Robot-Assisted Partial Nephrectomy in Obese Patients

Introduction

R enal Cell Carcinoma (RCC) is a commonly diagnosed urological malignancy, with an estimated 49,096 new cases and 11,033 deaths in the United States during 2009. ¹ In the Unites States, obesity has become a major issue for healthcare providers. In 2008, nearly 25% of the adult population was considered obese. ² Obese patients are more likely to have multiple medical comorbidities, including hypertension, diabetes, and coronary artery disease. Numerous studies have correlated obesity with an increased risk of RCC and intraoperative as well as postoperative complications. ^3,4

Nephron-sparing surgery has emerged as the preferred option for managing small renal tumors, comparing favorably with radical nephrectomy from the standpoint of long-term oncological control with the advantage of preservation of renal function. ⁵

Robot-assisted partial nephrectomy (RAPN) is an alternative to laparoscopic partial nephrectomy (LPN) with a number of studies demonstrating its feasibility and safety for renal tumors. ^{6 –9} Although the feasibility of LPN in obese patients has been described, ^10,11 to the best of our knowledge, no studies to date evaluate RAPN in obese patients. The objective of this study was to report our experience with RAPN in obese patients and compare surgical, functional, and short-term oncologic outcomes with a cohort of nonobese patients.

Patients and Methods

From June 2004 to September 2009, 97 patients underwent RAPN at our institution. Patients were grouped into two cohorts, obese (body mass index [BMI] ≥30 kg/m²) and nonobese (BMI <30 kg/m²). Data were reviewed from a prospectively maintained, institutional review board-approved, computerized database. Demographic and perioperative variables were compared between groups.

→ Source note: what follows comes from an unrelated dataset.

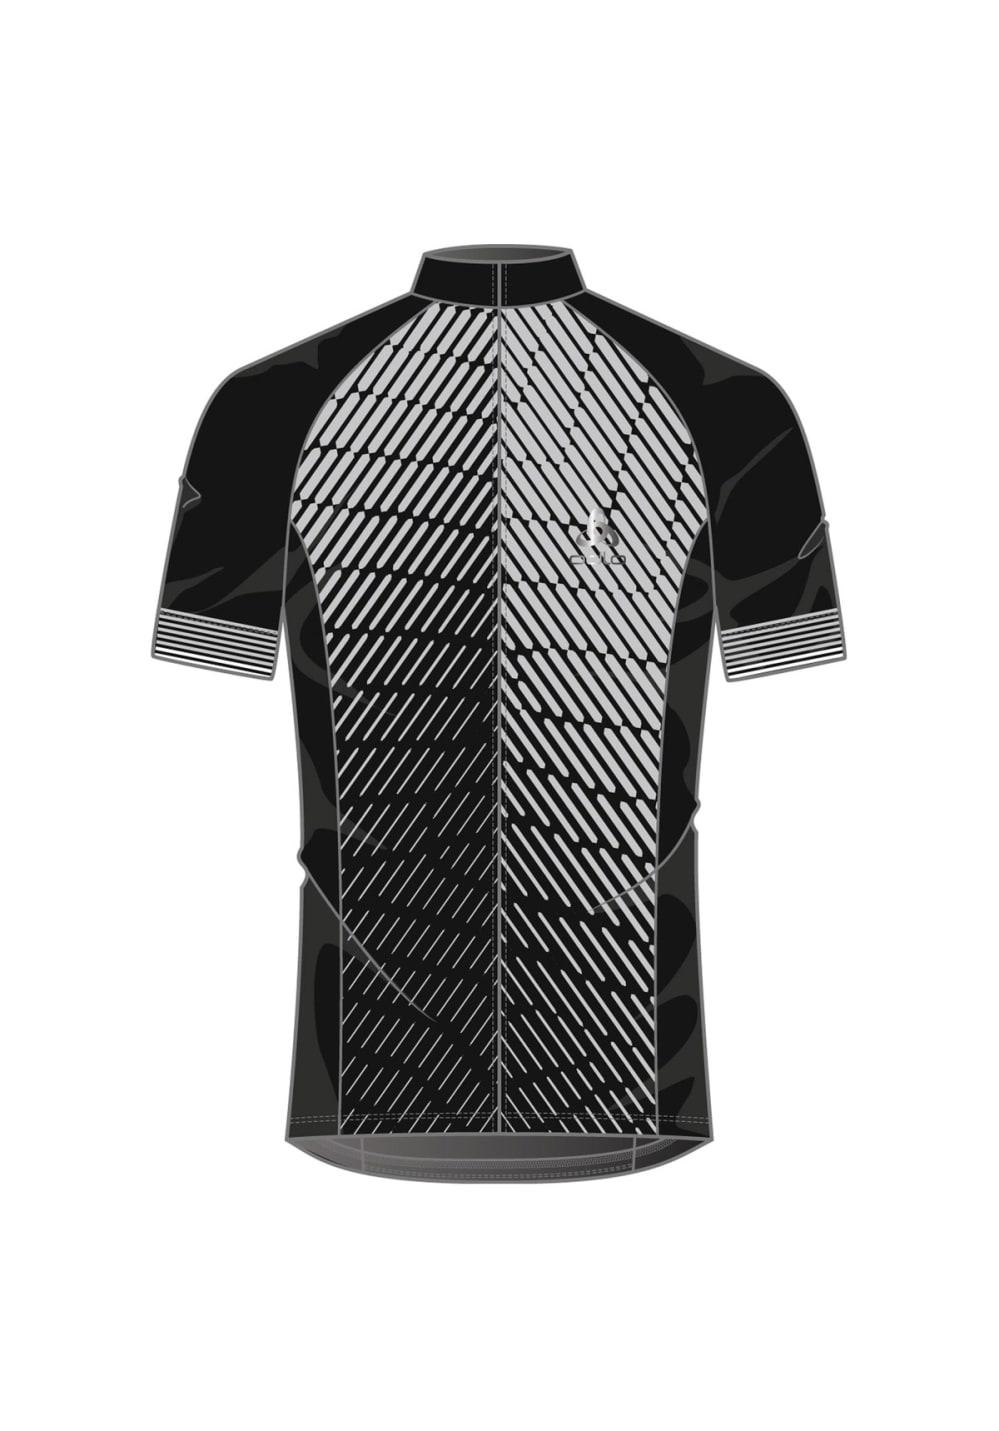 Odlo Stand-Up Collar Short Sleeve Full Zip - Radtrikots für Herren - Schwarz, G
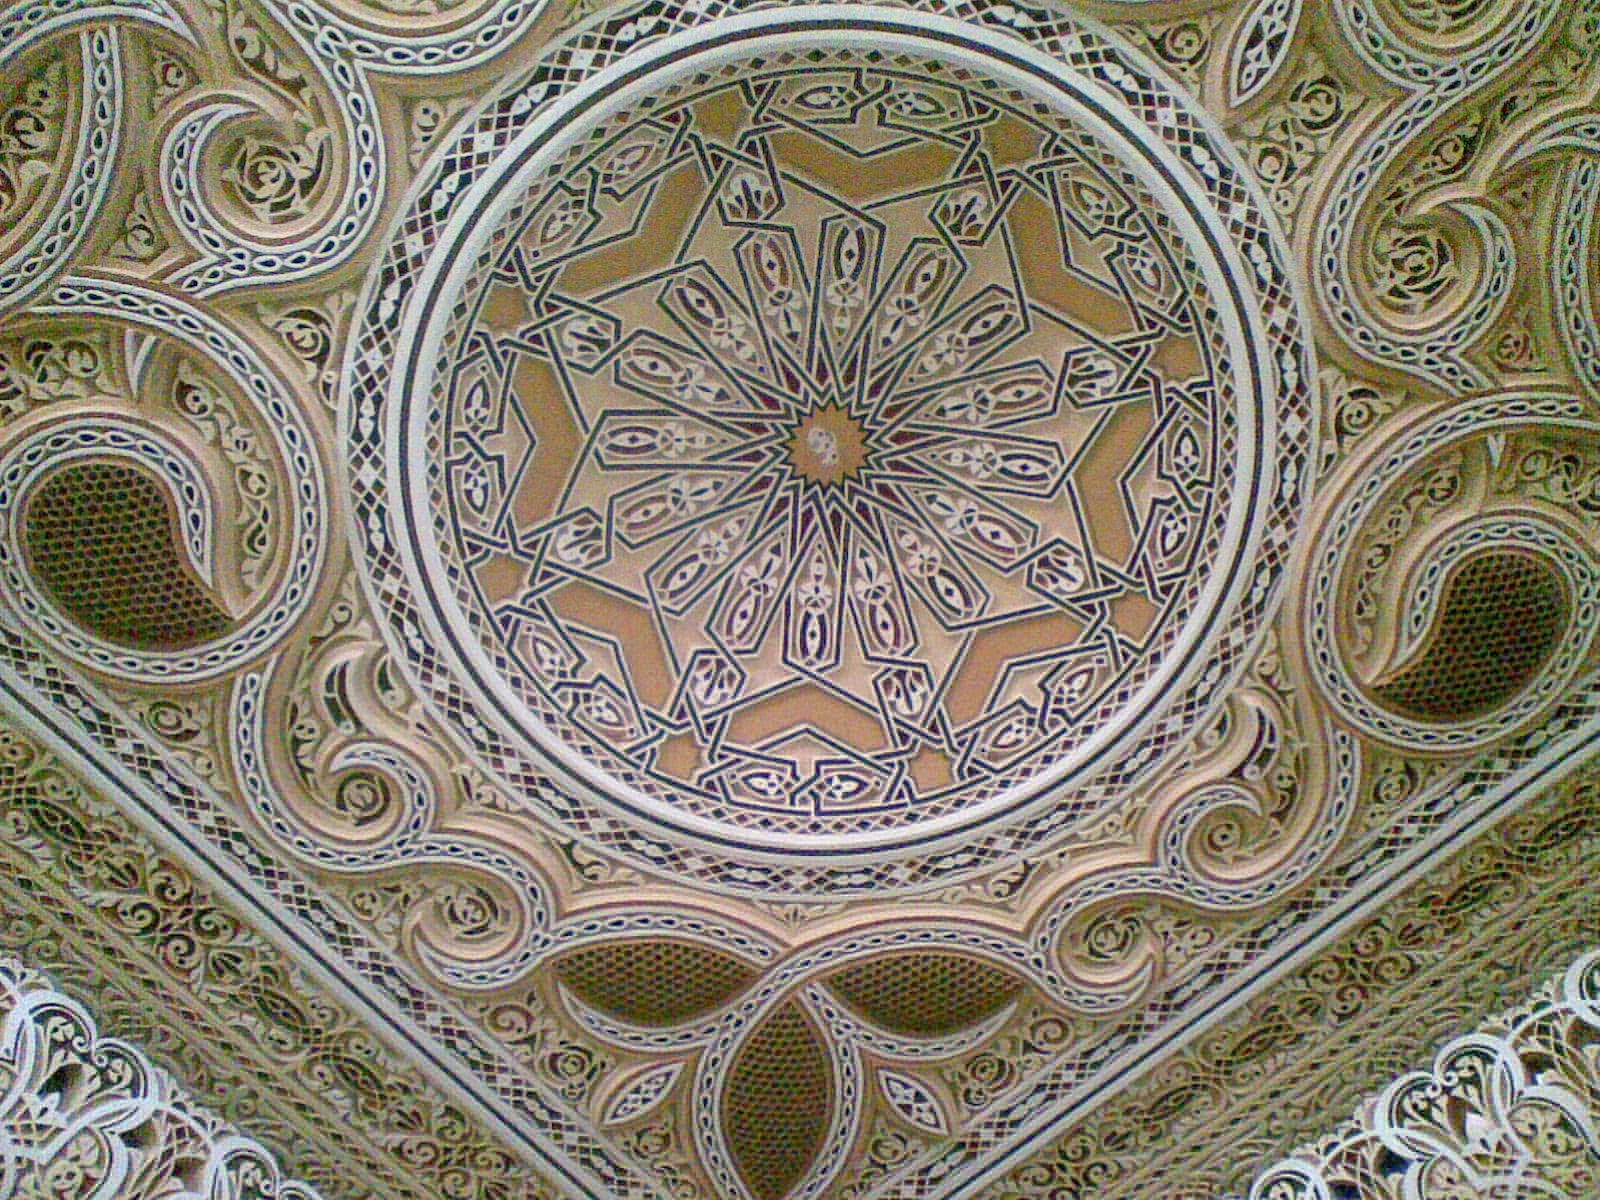 Tous les types de platre et de la d coration marocaine for Decoration gypse marocain

Our RAPN technique has been previously described ^{12 –14} and a detailed description of technique is beyond the scope of this report. Briefly, patients are placed in flank position, and ports are placed as demonstrated in Figure 1A and B with the pannus over the edge of the table. An extra-long 12-mm port is placed laterally for the robotic camera. The entire port template is shifted laterally compared with nonobese patients. In morbidly obese patients, extra-long robotic trocars may be used.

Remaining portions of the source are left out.